Invitation to Covenant

Invitation to Covenant

Covenant is a word I associate with the film Raiders of the Lost Ark – an ancient artifact with tremendous power (clearly, I did not grow up in Christian household!).  It isn’t a popular word today, but covenants can be a valuable tool for people living as a community.  As Unitarian Universalists we are a covenantal people – joined together not by a common creed – but by a choice to be together.  In today’s fragmented society, a covenant in which we choose to stand with one another has value.  Our UU covenant also asks us to relate to one another based on our principles, to honour the dignity of each person, to live interdependently.

Living with a covenant suggests we are most human when we bind ourselves in relationship. But not just any relationship – relationships of trust, mutual accountability and continual return.  So while we want to be authentic our individual selves, true to our own nature, we also need to be connected to one another.  We are more ourselves, more human, when we make commitments to one another.

This isn’t all sunshine and roses, as human beings we fail at our commitments, we forget, we don’t check in, we are careless.  the people you care about are going to disappoint, even hurt you.  This chalice community will disappoint you.  Life is lived in both failure and success. But living with a covenant asks us to find ways to reconnect and keep going; so we repair relationships even in disappointment and sorrow and find a way forward together.

Here at UCM, we created a covenant to clarify how we wished to treat one another.

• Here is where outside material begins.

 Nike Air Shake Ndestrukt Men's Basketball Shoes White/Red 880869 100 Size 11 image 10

We, the members of the Unitarian Congregation in Mississauga, affirm a Covenant of Right Relations.  As Unitarian Universalists, we come freely into community, guided by our seven principles and nourished by the six sources.

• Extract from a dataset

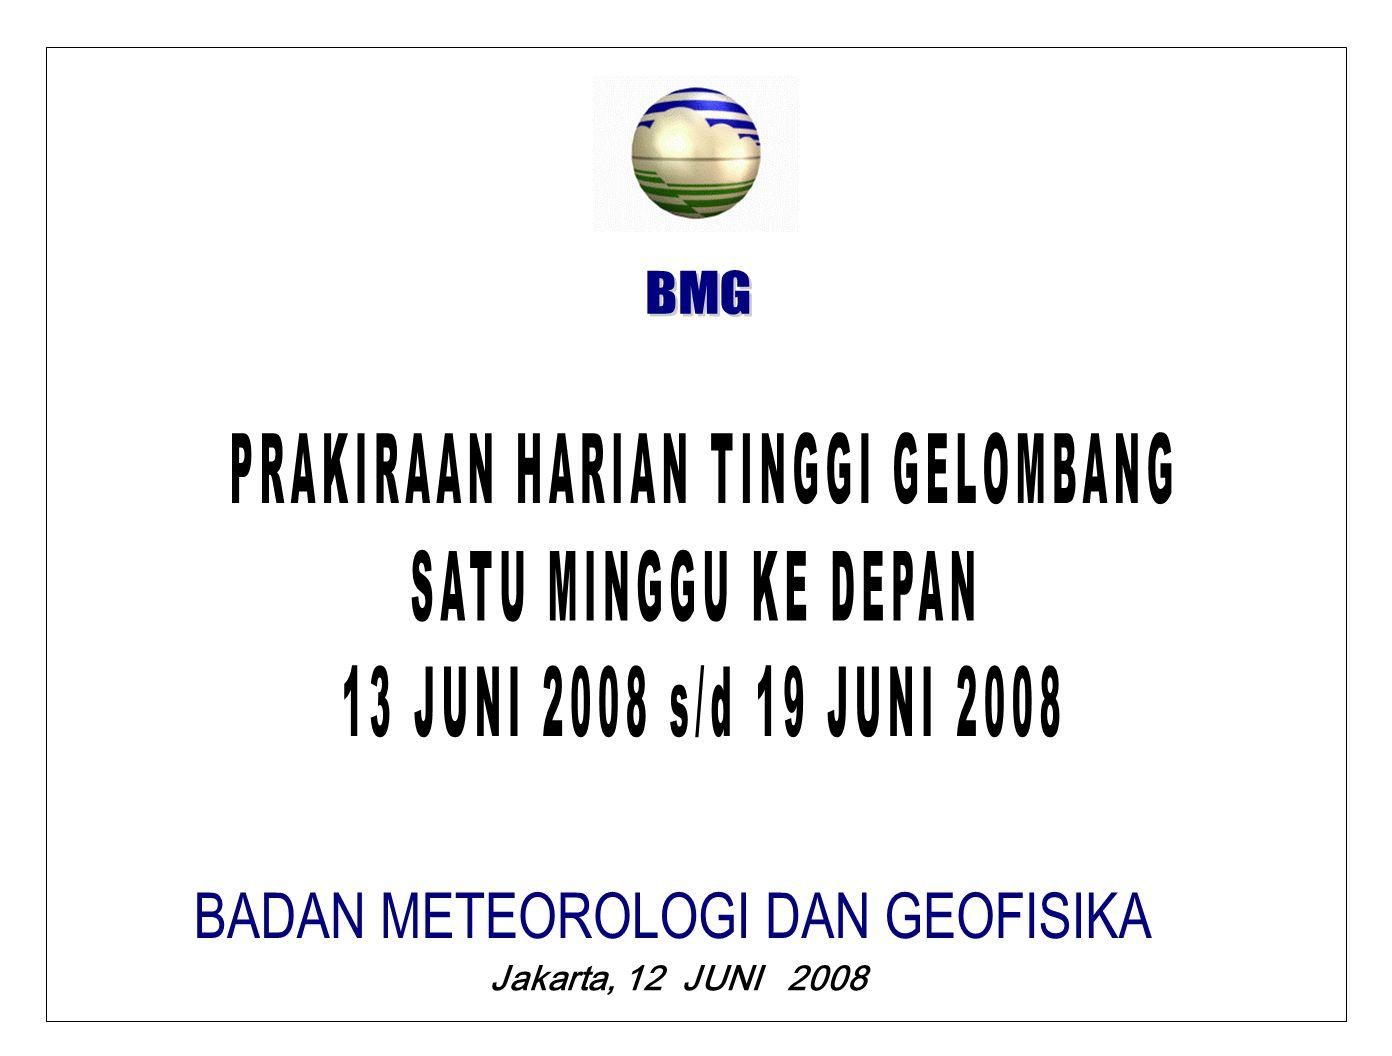 PRAKIRAAN TINGGI GELOMBANG SATU MINGGU KE DEPAN BMG JUMAT, 13 JUNI 2008 GELOMBANG DAPAT TERJADI 2,0 M S/D 2,5 M DI : LAUT CINA SELATAN, SELAT MALAKA BAGIAN BARAT, PERAIRAN ACEH, PERAIRAN MENTAWAI, SAMUDERA HINDIA SELATAN BALI, LAUT FLRES, LAUT SAWU DAN TELUK TOLO.

In good faith, we covenant to:

  • Assume good intentions.
  • Listen deeply and seek understanding.
  • Appreciate each person’s contributions.
  • Communicate directly with people when differences exist.
  • Speak to and about people with empathy and respect.
  • Seek peaceful and constructive resolutions to conflict.
  • Ask for help when we need help in dealing with situations.
  • Forgive each other and ourselves when mistakes are made.

Being in covenant asks us to work through heartbreak and re-connect.  To keep on being in relationship and take care of each other, to remember that we are all in this together.

This month, let us consider all the covenants in our lives, from marriage to family to church.  How is it to live in covenant?  How is it good for us?  Where do we struggle?  May we live with attention to the choices we make.